Thinking of using a small greenhouse indoors for this or a grow tent ( something to this extend ) Considering , using spray nozzles , Or a fogger. Possibly even pvc pipe with some needle holes.

Anyways , Would the general idea behind this work? And I do know that the proven systems work but I wanted to try something new.


----------



## umbra (Jan 29, 2009)

most strains do not come from the rain forest. As to the design, why are you trying to reinvent the wheel? Why not take a PROVEN method and use it?


----------



## 84VW (Jan 29, 2009)

trying to copy the rainforests environment indoors with your little indoor experience will most likely end up in mold


----------



## tashido (Jan 29, 2009)

umbra said:
			
		

> most strains do not come from the rain forest. As to the design, why are you trying to reinvent the wheel? Why not take a PROVEN method and use it?


 
I see where your comming from , However I was interested in trying something new and experimenting a little bit just to see how it turns out.
If it works the way I want , it could prove to be an equal way as the other hydro set-ups. Except , I would of had a part in making it.

I have enough growing experience as is , grown for over 10years just always had plenty of room and no neighbors.
The only things that will take learning is nutes for hydro and the timers for misting/fogging.

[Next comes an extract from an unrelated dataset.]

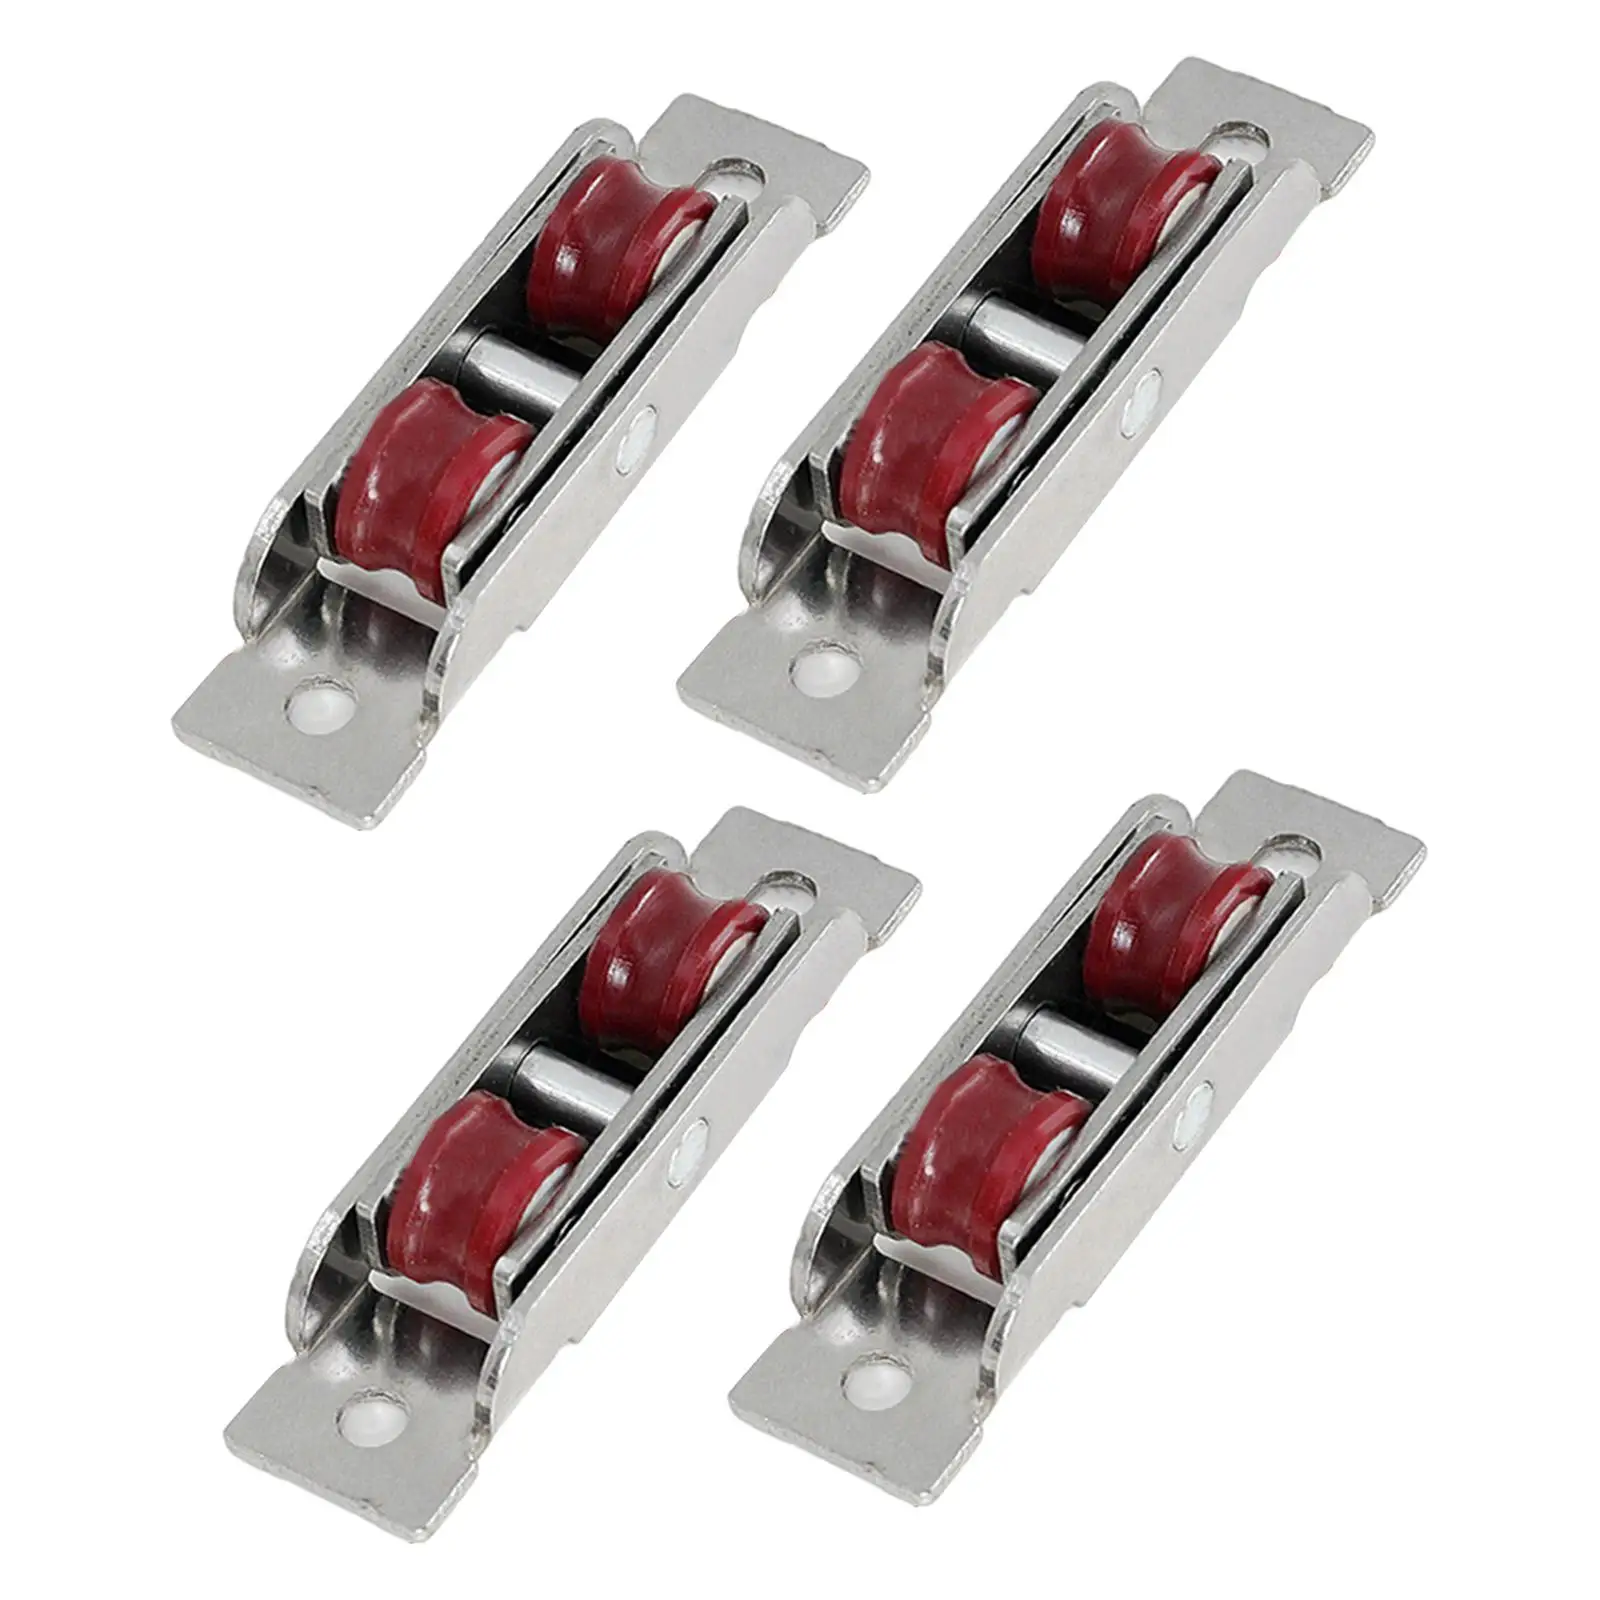 4Pcs Sliding Door Pulley Stainless Steel Window Hardware Nylon Sliding Rollers Silent Nylon Pulley Fittings for Kitchen Home

I just wanted to know , Would the general idea behind this theory work or does it have some big flaw im overlooking?


----------



## The Hemp Goddess (Jan 29, 2009)

IMO, there is no reason to believe that this would work.  Marijuana grows best in humidity ranges under 70%.  When the RH gets higher, it slows growth and encourages stem rot and bud mold.


----------



## tashido (Jan 29, 2009)

heh oh well , failed idea I guess.
Ill just go out tomarrow and build a general hydra set-up. It'll work fine xD


----------



## Lemmongrass (Jan 29, 2009)

to do this you need to fill all niches by hand before nasties develop. this means inoculating your grow with passive fungus/bacteria, keeping a population of insects to eat whatever gets by the micro-defenses. and you would then need a controlled population of toad or something to keep the insects in check. you would have to hepa all air input, and prolly make a little airlock room(zipper up each side and a switch to blast hepa air into it). you would need supporting plant species to take advantage of the environment as to provide a benefit to your pot plants. and on top of that you would have to be able to controllably decompose excess plant/bug/fecal matter.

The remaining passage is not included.